MUMBAI, Feb 23 (Reuters) - Risks to India's growth are higher than the risk of further inflation as major drivers of price increases are dissipating, justifying a pause in further rate hikes, Jayant Varma, an external member of the country's monetary policy panel said on Thursday.
The Reserve Bank of India has raised rates by a total of 250 basis points since May last year as it tackles stubbornly high prices.
Those rate hikes would work their way through the economy and choke demand, Varma, who along with a second external member Ashima Goyal voted against the latest quarter-point increase earlier this month, told Reuters in an interview on Thursday.
"Just the fact that we see big numbers (on inflation) in January and February ... doesn't mean that we ought to tighten now," he said.
Varma said government spending support to the economy was going to reduce in the next fiscal year as New Delhi announced a significant reduction in the fiscal deficit in its budget on Feb. 1.
Exports have been ticking down as well, he added.
Private capital expenditure was unlikely to pick up in the absence of strong demand, and though private consumption in the country seemed to be holding up, it was being driven by the top 5%-10% of the population, Varma said.
"I always think of the economy as an aircraft flying on four engines. All four engines are revving down, so what is going to happen to growth?"
The professor of finance and accounting said monetary policy globally had become complacent about inflation initially, before switching gears.
"I sometimes describe it as monetary policy driven by a guilt complex - that we goofed up a year ago, so we should not make the same mistake, but it is okay to make the opposite mistake."

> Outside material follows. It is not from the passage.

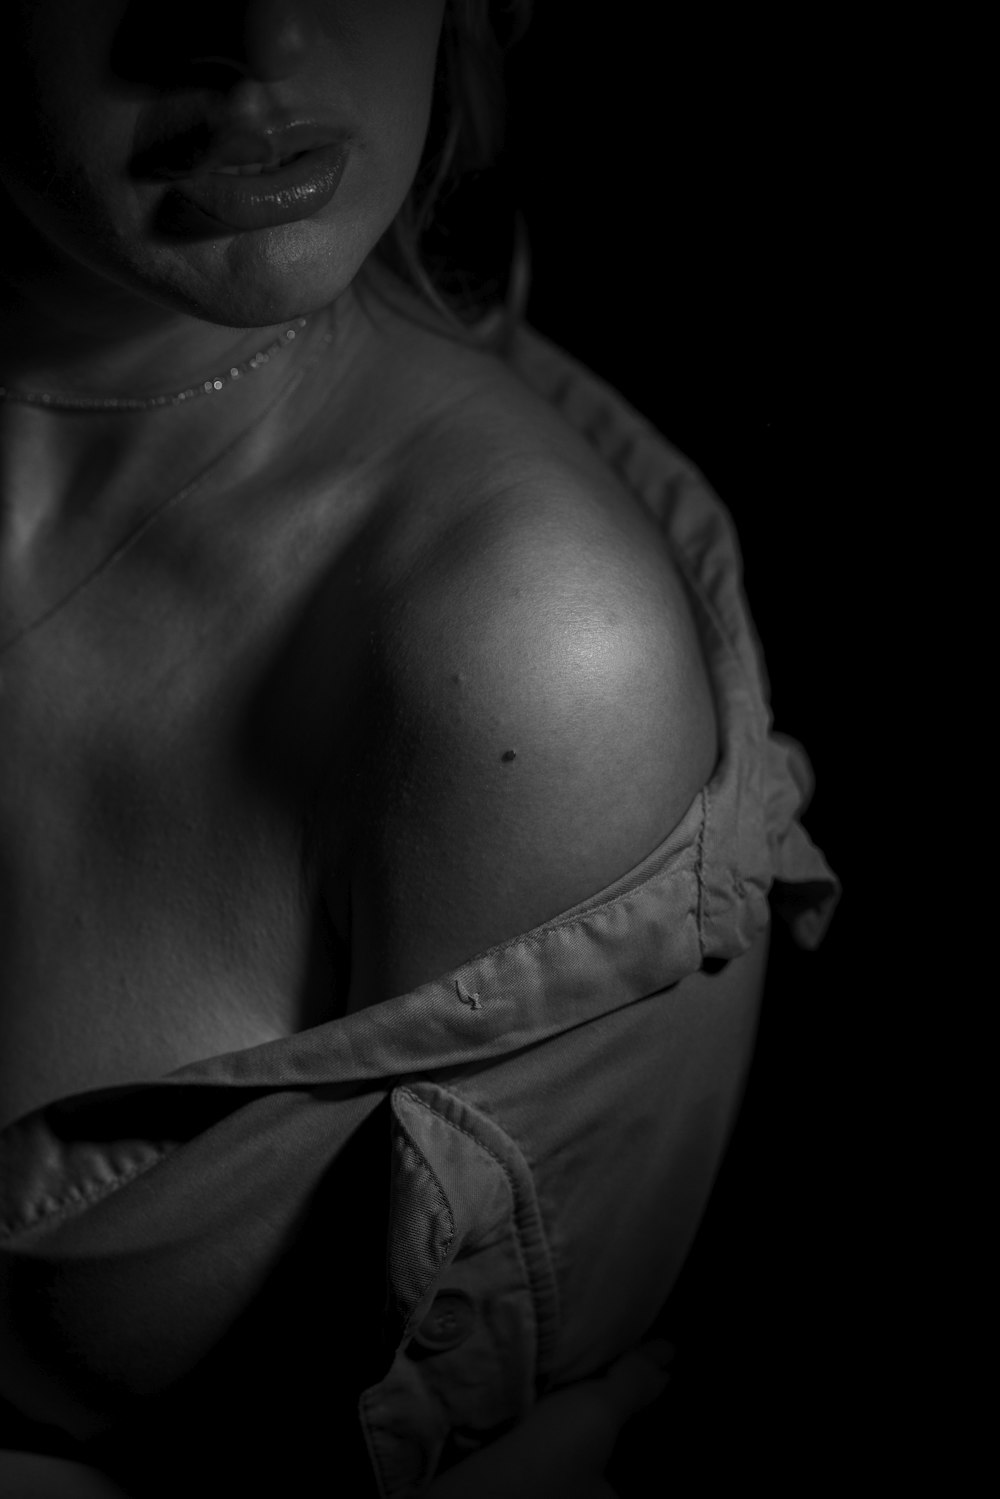 a black and white photo of a woman's breast

The Fed delivered a string of 75-basis-point and 50-basis point rate hikes in 2022, raising the key rate by a total 450 bps, in its battle to curb inflation that had climbed to 40-year highs.
India's monetary policy panel failed in its mandate to keep inflation within the 2%-6% band, with it breaching the upper tolerance limit for three consecutive quarters to September 2022.
Latest reading for January showed annual retail inflation rose to 6.52%, yet again rising above the central bank's upper threshold for the first time in three months and raising concerns around at least one more rate hike.
"I'm not saying that we will never raise rates. I am saying we should wait and see what is the impact of what we have already done. And if we find that that's not enough, raise rates at that point".
"I think 2022/2023 is going to be very bad for inflation, there is no doubt about it. But what I see is that the major drivers for that have dissipated."
In particular, lower crude prices will eventually filter through to retail prices, helping pull down inflation, Varma said.
"We know there is a gift packed and ready, it is a question of when it will come."